Simply put, he will lose more liberals than conservatives. As I said above, Scalia is the only conservative justice over 68. But Scalia is as healthy as a horse, so we don't see him stepping down. Ginsburg (75) and Stevens (88) would be the first two to step down. Ginsburg says she's not going anywhere. The other two -- Justices Souter and Breyer -- are also over age 68, but neither has conveyed any statement that they want to step down. Kennedy, the swing vote on the court, has also not said he's ready to go.

But that doesn't mean things couldn't change. For all we know, a few months down the road, Stevens might decide it's time to go. OK, let's run with that. What happens? Obama nominates a moderately liberal jurist. They'll sail through the Senate Judiciary hearings. And the Senate will give them their due up-or-down vote, and they'll be installed on the high court.

What's changed? Nothing. You still have four liberal jurists, four conservative jurists, and one swing vote. Had McCain won, then we might have seen a much different high court as justices stepped down. It was speculated during the primaries that the next president could have as few as two, and as many as three justices to appoint in his first four years. Scalia still wouldn't leave, and the liberals would be hard pressed to stay on the court in an effort to make sure that a similarly-minded individual replaced them.

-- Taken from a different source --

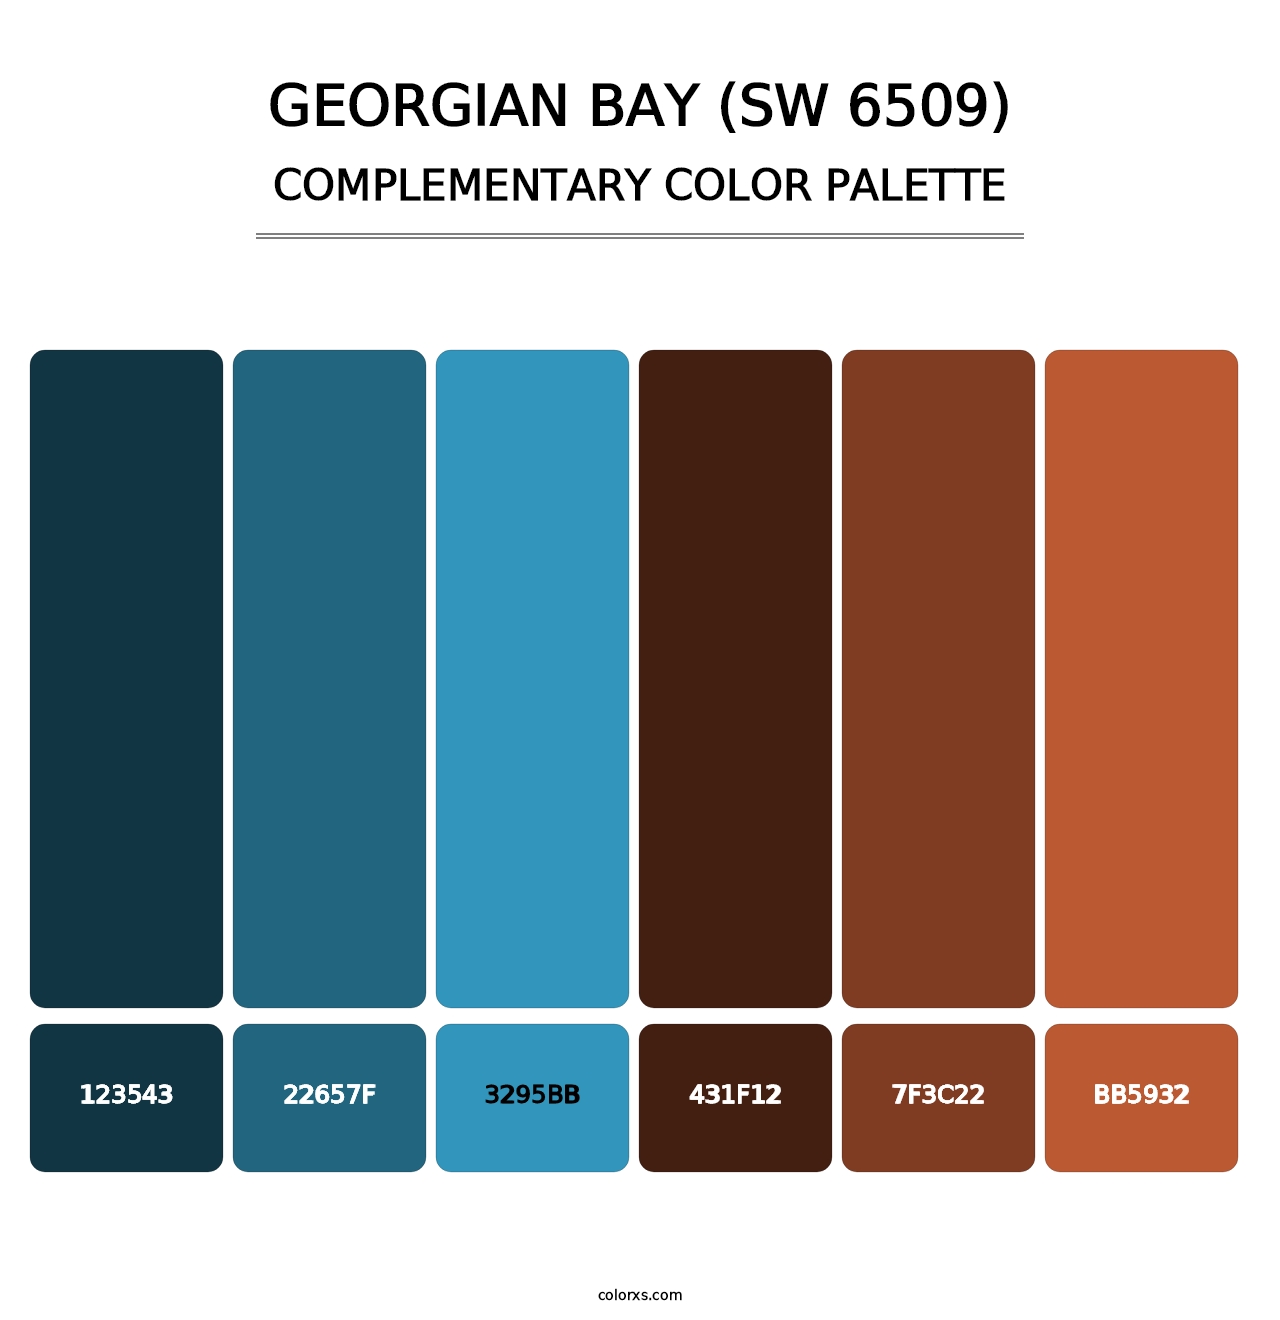 Georgian Bay (SW 6509) - Complementary Color Palette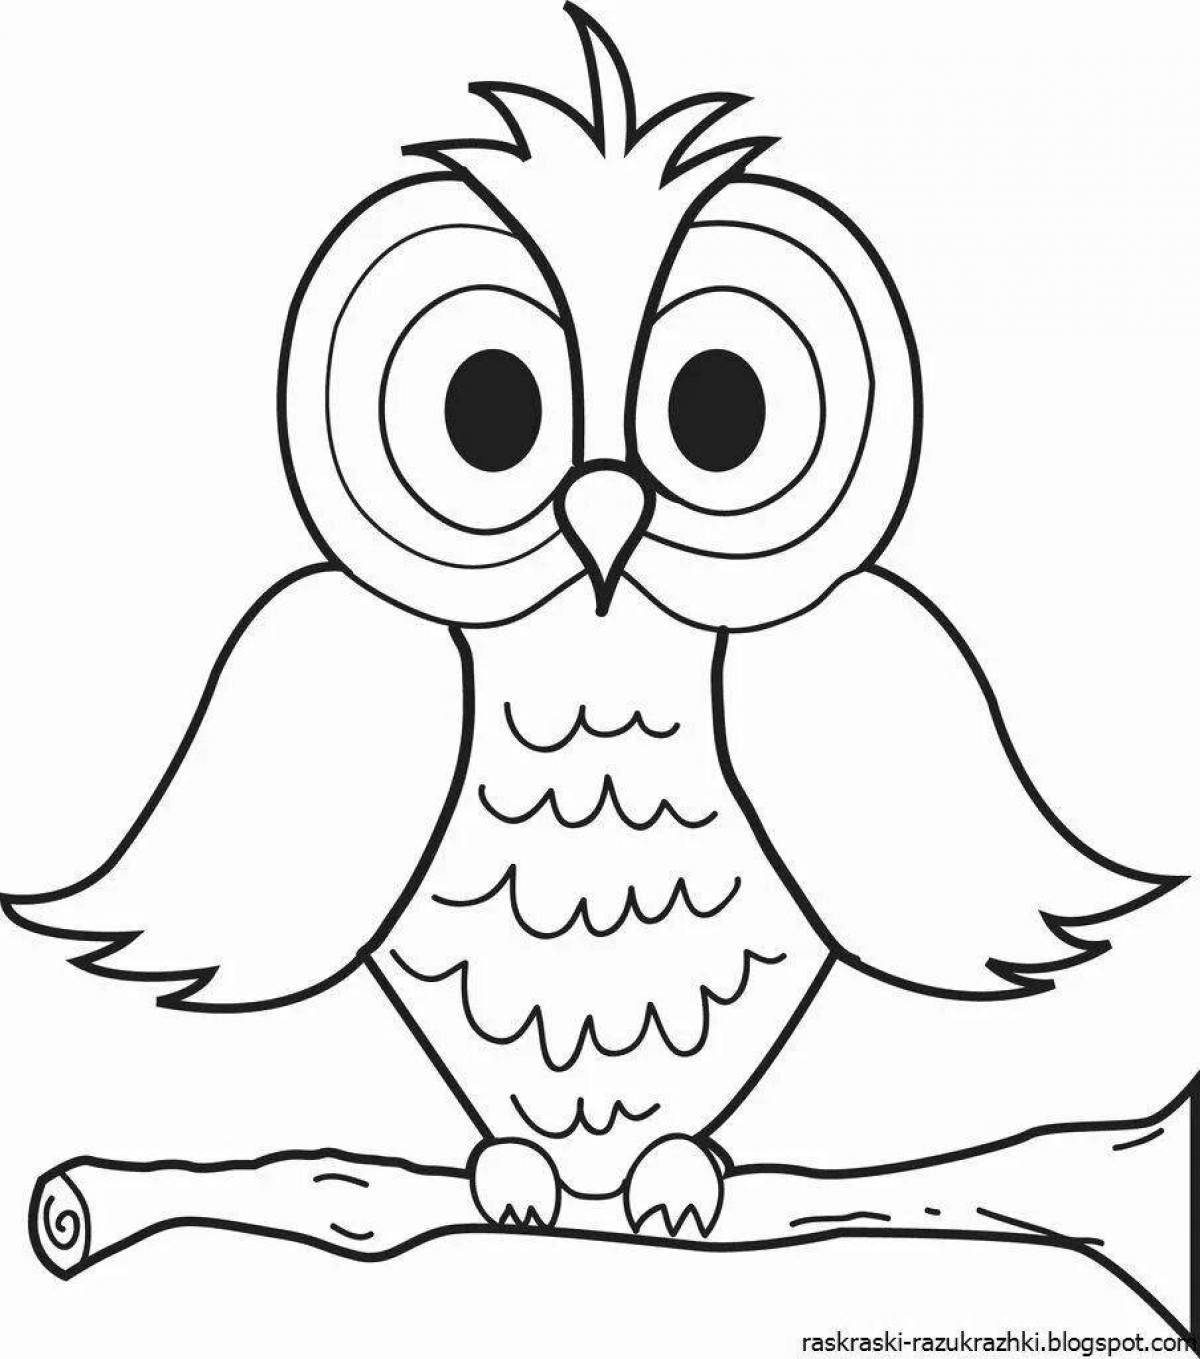 A wonderful owl coloring for children

There shouldn't be any hand-wringing over this issue right now. If Justices Thomas, Scalia, or Alito keel over from a heart attack, or if something happens to Chief Justice Roberts, then that's the moment we should be concerned because it threaten to tilt the court in the liberal direction. But right now, there shouldn't be any worry should one of the more liberal jurists step down. the balance will be maintained, regardless.

Publius II


Blogger road warrior said...

in all honesty, i don't really care who Obama chooses as long as he chooses a republican for something! He has been saying all along how bipartisan he is, well now it's time to show it! If he just picks another liberal illuminati to sit next to him... we will know what kind of man he is, they lying kind!

November 18, 2008 at 9:05 PM  
Blogger knowitall said...

Anyone who would take the system left. That is his plan, along with the liberal illuminati. Big government.